Povo da Venezuela, Temer, o traidor, não tem moral nenhuma para censurá-los.

Povo Venezuelano, não leve em consideração o que este governo golpista brasileiro diz ou pensa sobre vocês. Não reconheceram a eleição para uma assembleia constituinte? Não faz mal, nossa CF é estuprada diuturnamente pelos golpistas. Não vale à pena a perda de uma noite de sono. O Brasil está a deriva. Sem rumo ou objetivo. O governo usurpador não é um governo nos moldes democráticos. Sem legitimidades eles se autoproclamam governo por, digamos, uma licença poética, pois na verdade o que temos aqui é um bando de criminosos dando ordens.

Muitos de nós não reconhecemos estes esbulhadores. Lutamos para restituir a democracia. A horda que se apropriou do poder é composta por seres abjetos. Não passam de uns vendidos, entreguistas, hipócritas, baba-ovos dos EUA. Então, quando a canalha os crítica recebam como um elogio.
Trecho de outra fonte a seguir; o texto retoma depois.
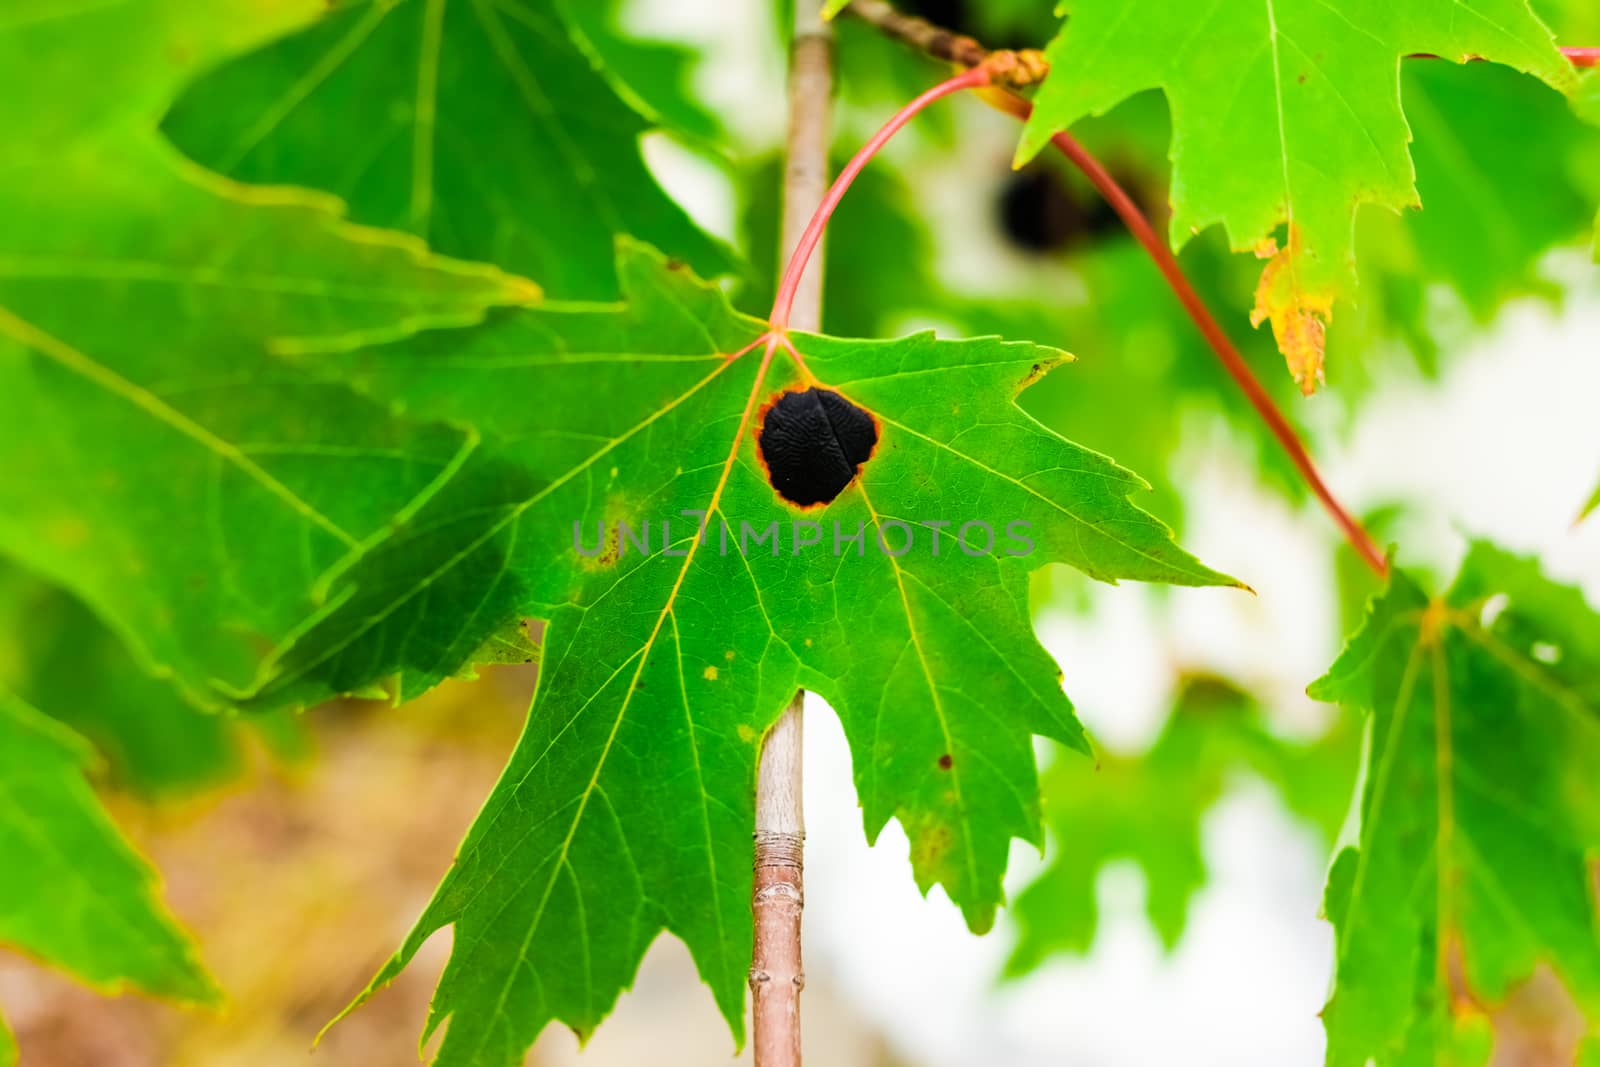 Black Tarry Spot on a Maple Leaf Called the "Goudronneuse" is a Microscopic Fungus Infection Affecting the Norway Maple in Canada

Vejam se Temer e asseclas têm moral.

No Brasil recentemente sofremos um golpe de estado. Daqueles de arruinar a crença no ser humano. Tiraram uma presidenta honesta e colocaram um ladrão, um traidor. E sem o uso de armas, foi só “cós-cós-cós”. É difícil explicar. Mas foi isso que aconteceu. Agora somos “governados” por uma quadrilha de corruptos. Não há dia que não surja denúncias de bandidagens. O MIchel Temer, vice-presidente da república, traiu de forma vil a Dilma. Aquelas de dizer “até tu, Brutus”. O cara é inescrupuloso, se acha acima do bem e do mal, mas ele se esquece que ser bandido é uma coisa, ser traidor é outra totalmente diferente.
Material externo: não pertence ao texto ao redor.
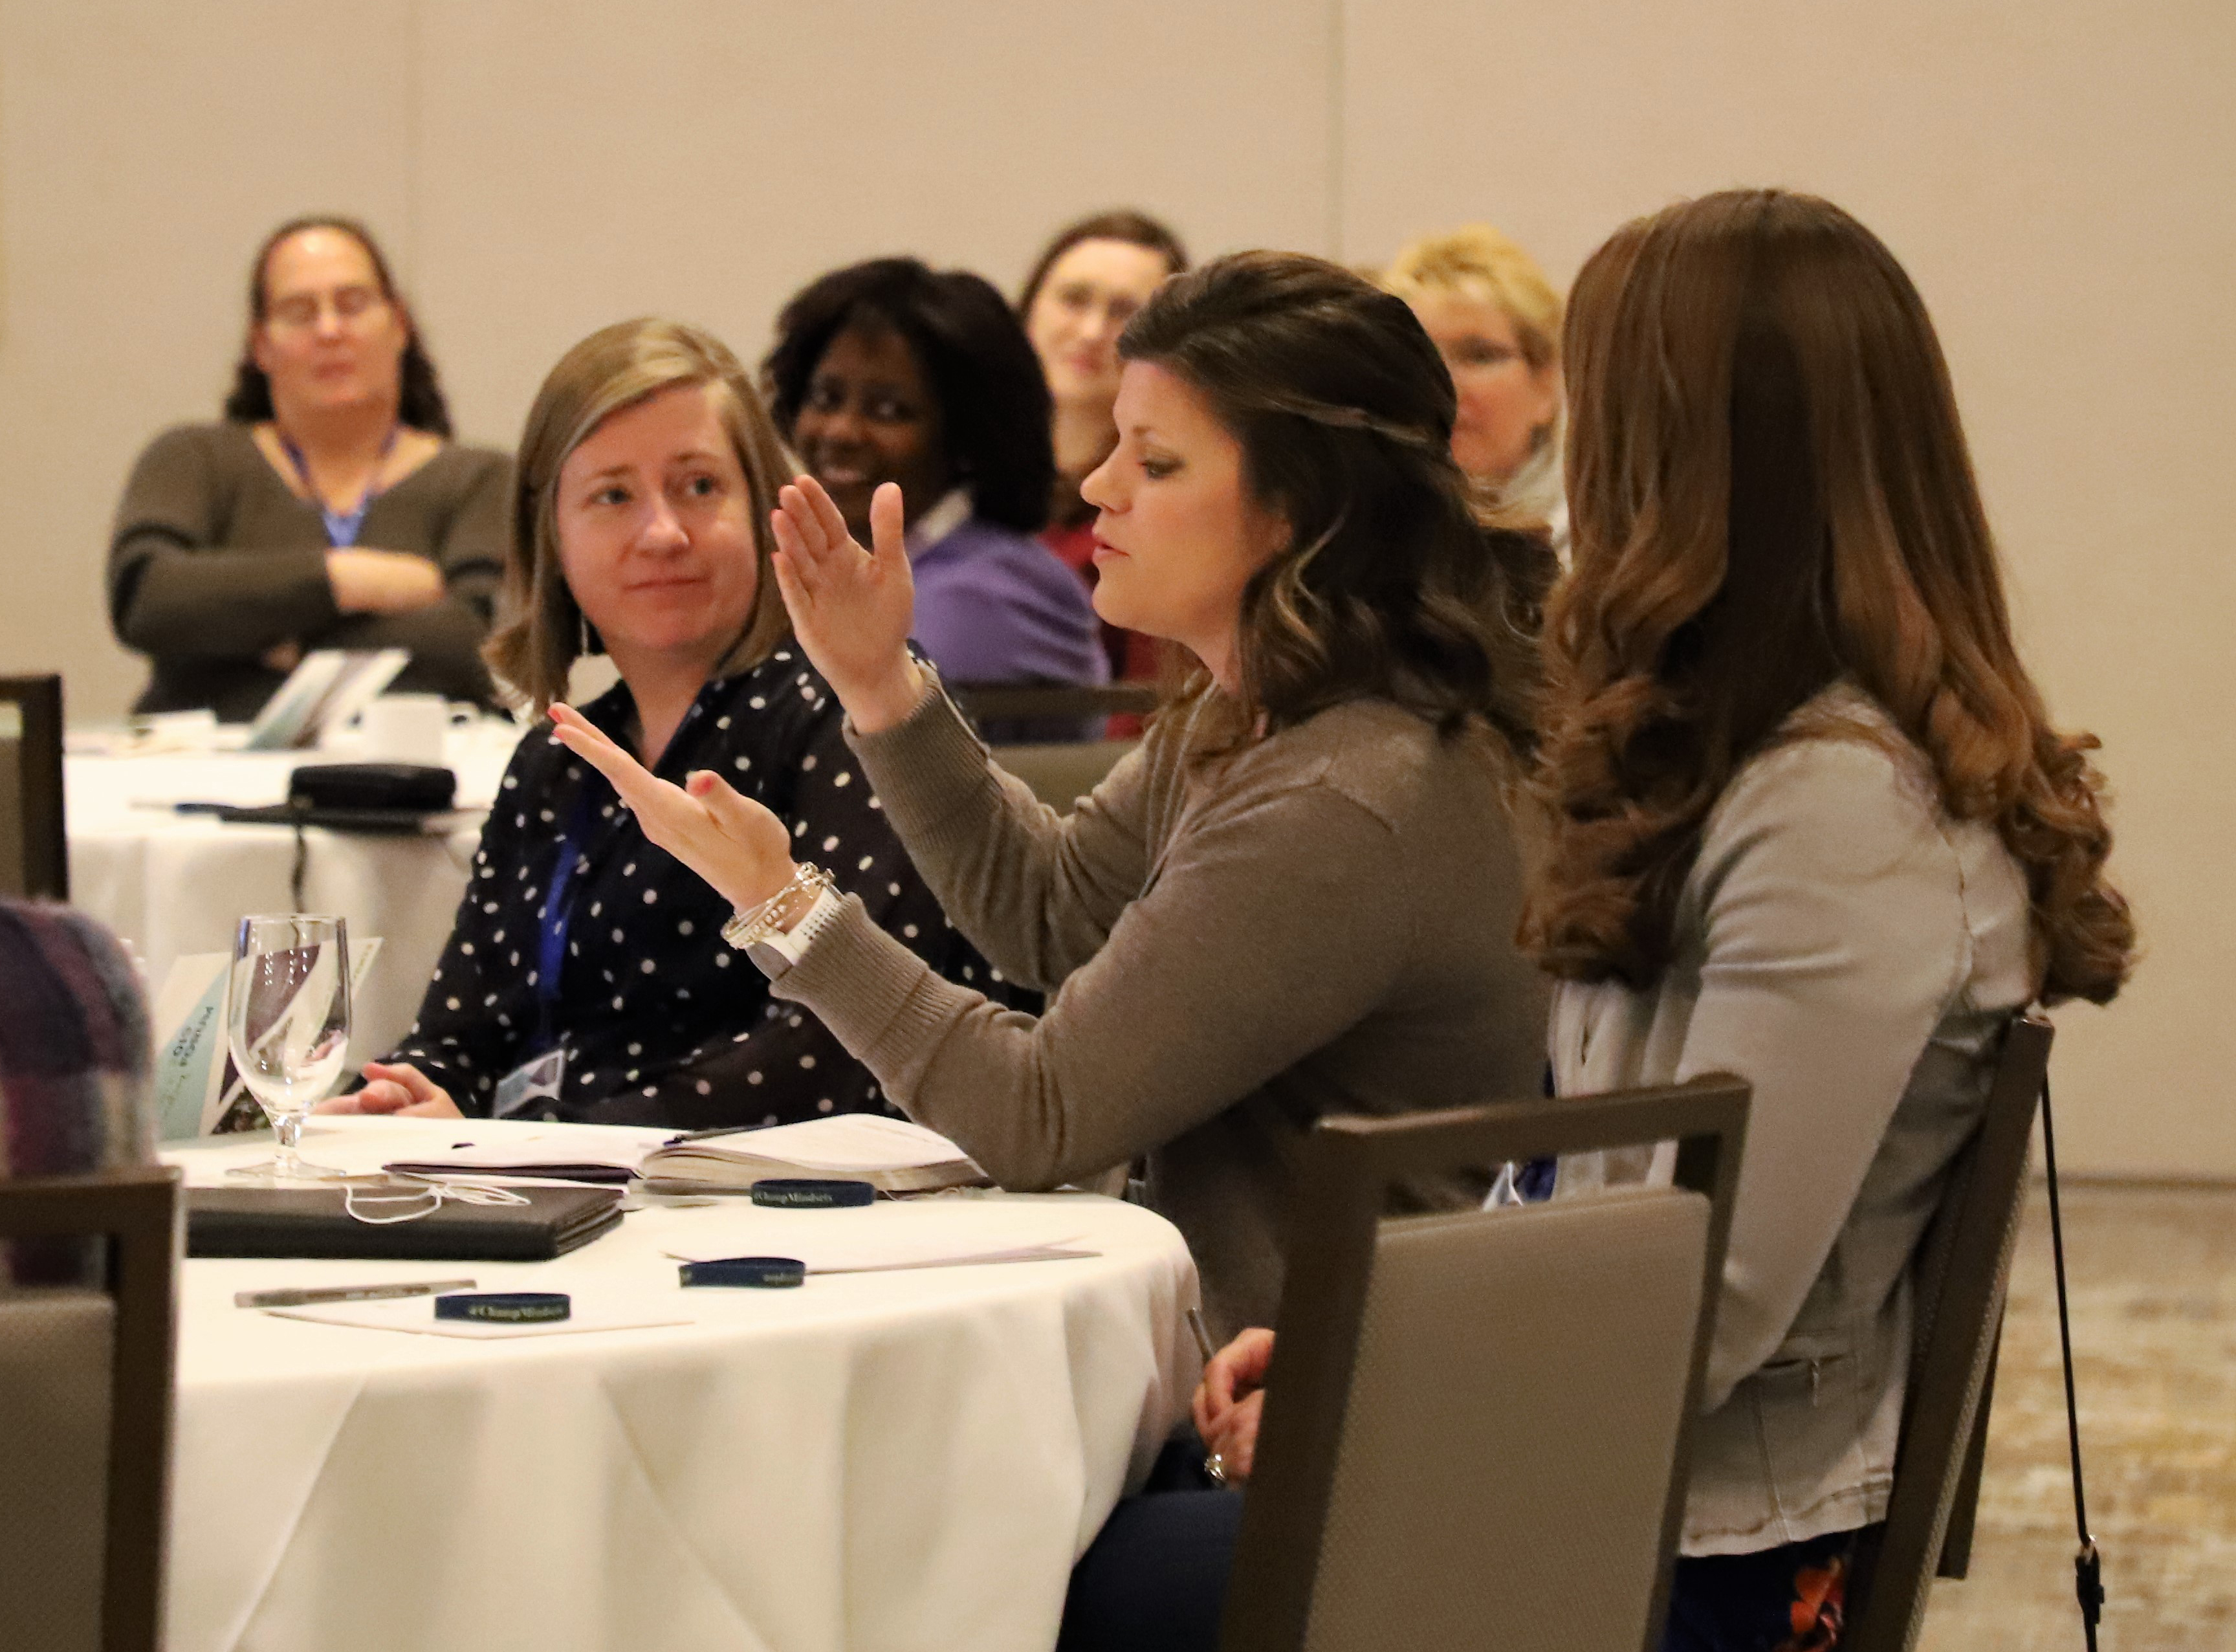 The Women in Finishing forum provides two days of professional development for women in the industry.

Ninguém gosta de traidores, admitem sua presença e seus maus hálitos até que completem o serviço sujo, depois… bem, a história conta o triste fim que tiveram os enganadores.

Se não sabem, aqui o golpe foi dado por uma súcia de vigaristas. Da pior espécie. E sabemos, cair no 171 é humilhante por si só. Mas não contentes em depor o governo legitimamente eleito, em retirar direitos, em acabar com a indústria nacional, em entregar nossas riquezas, em exterminar conquistas sociais eles nos esculacham.
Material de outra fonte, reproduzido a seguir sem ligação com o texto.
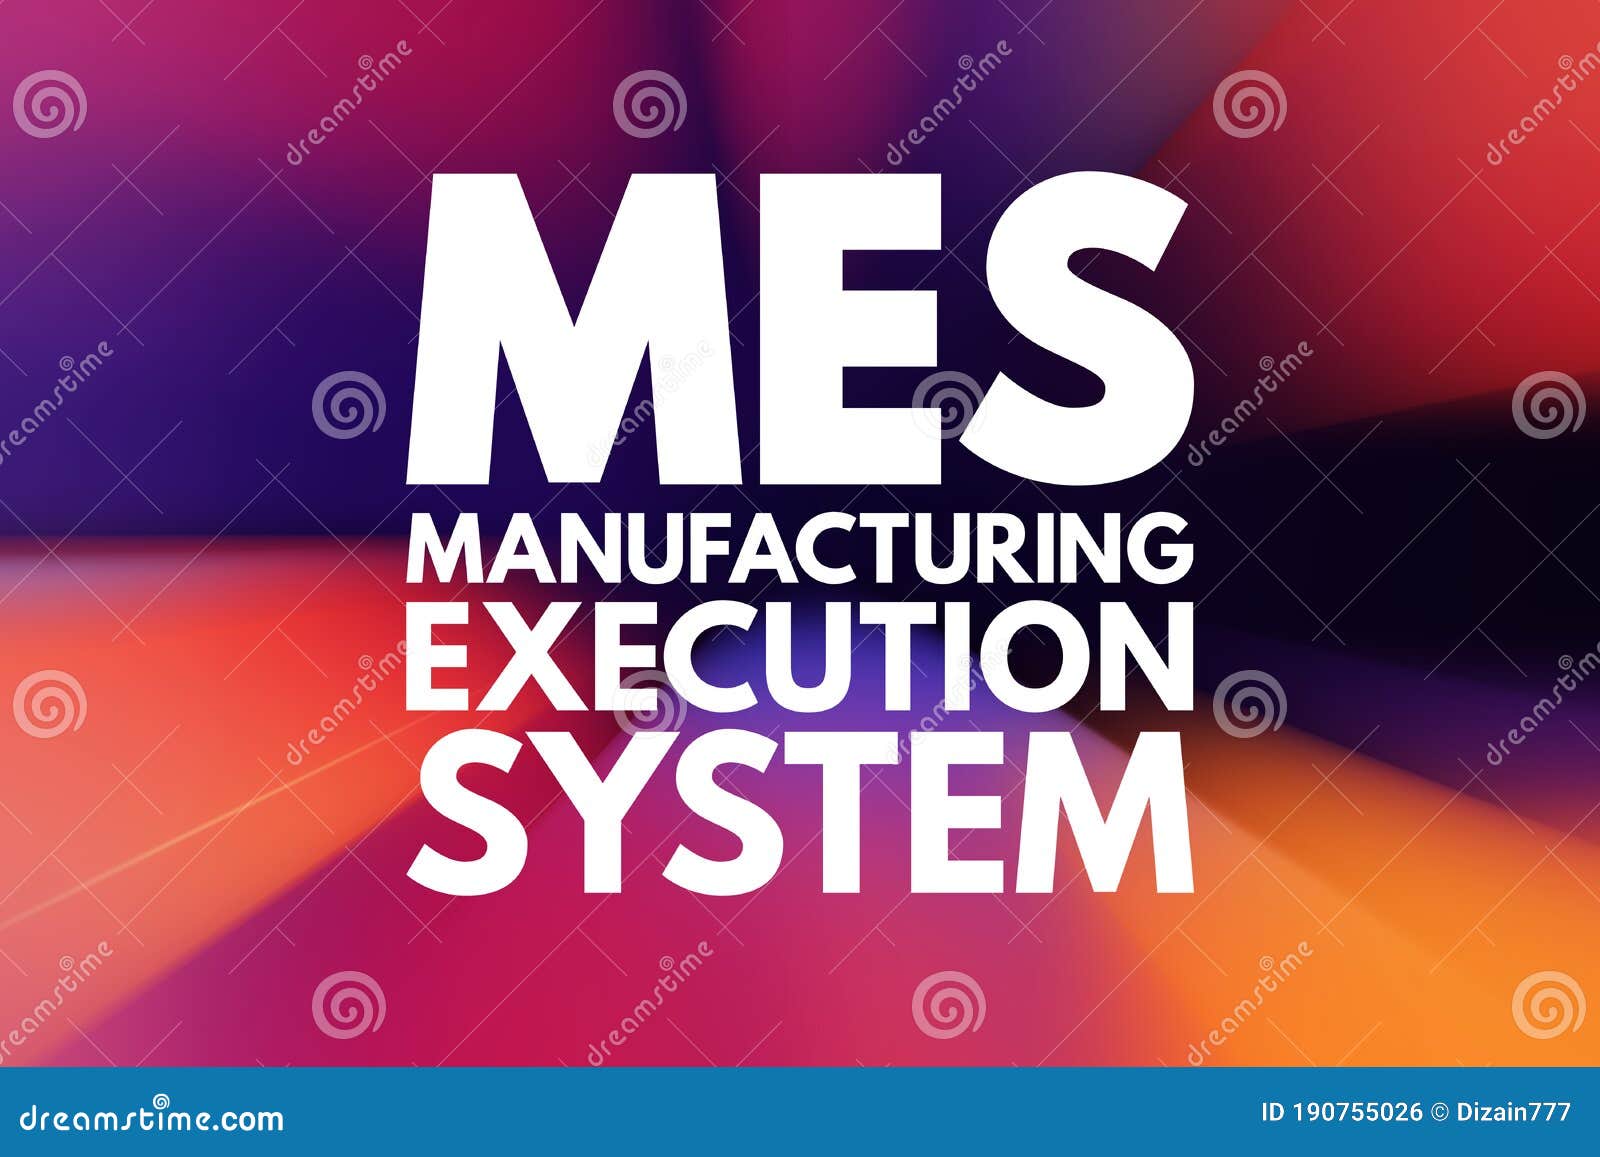 mes - manufacturing execution system acronym, business concept background

O presidente traidor corrompe parlamentares na cara dura. Oferece banquetes na sede do governo. Segundo a imprensa, o traidor empenhou 17 bilhões de reais na compra de deputados para que votem contra a autorização da câmara para que o STF o processe por corrupção e diz que quem ganha com isso é o Brasil, tem cabimento?

Recebe criminosos na calada da noite. Faz conluiu com ministro do STF. Emplacou um seu ex-ministro da justiça no Supremo Tribunal Federal. Elevou um denunciado à condição de ministro de estado só para que este escapasse das garras da Lava Jato. E se dirige à mídia dizendo que nós compreendemos a situação, que da próxima vez irá trazer um puxador de aplausos e que a economia vai bem. É um desavergonhado.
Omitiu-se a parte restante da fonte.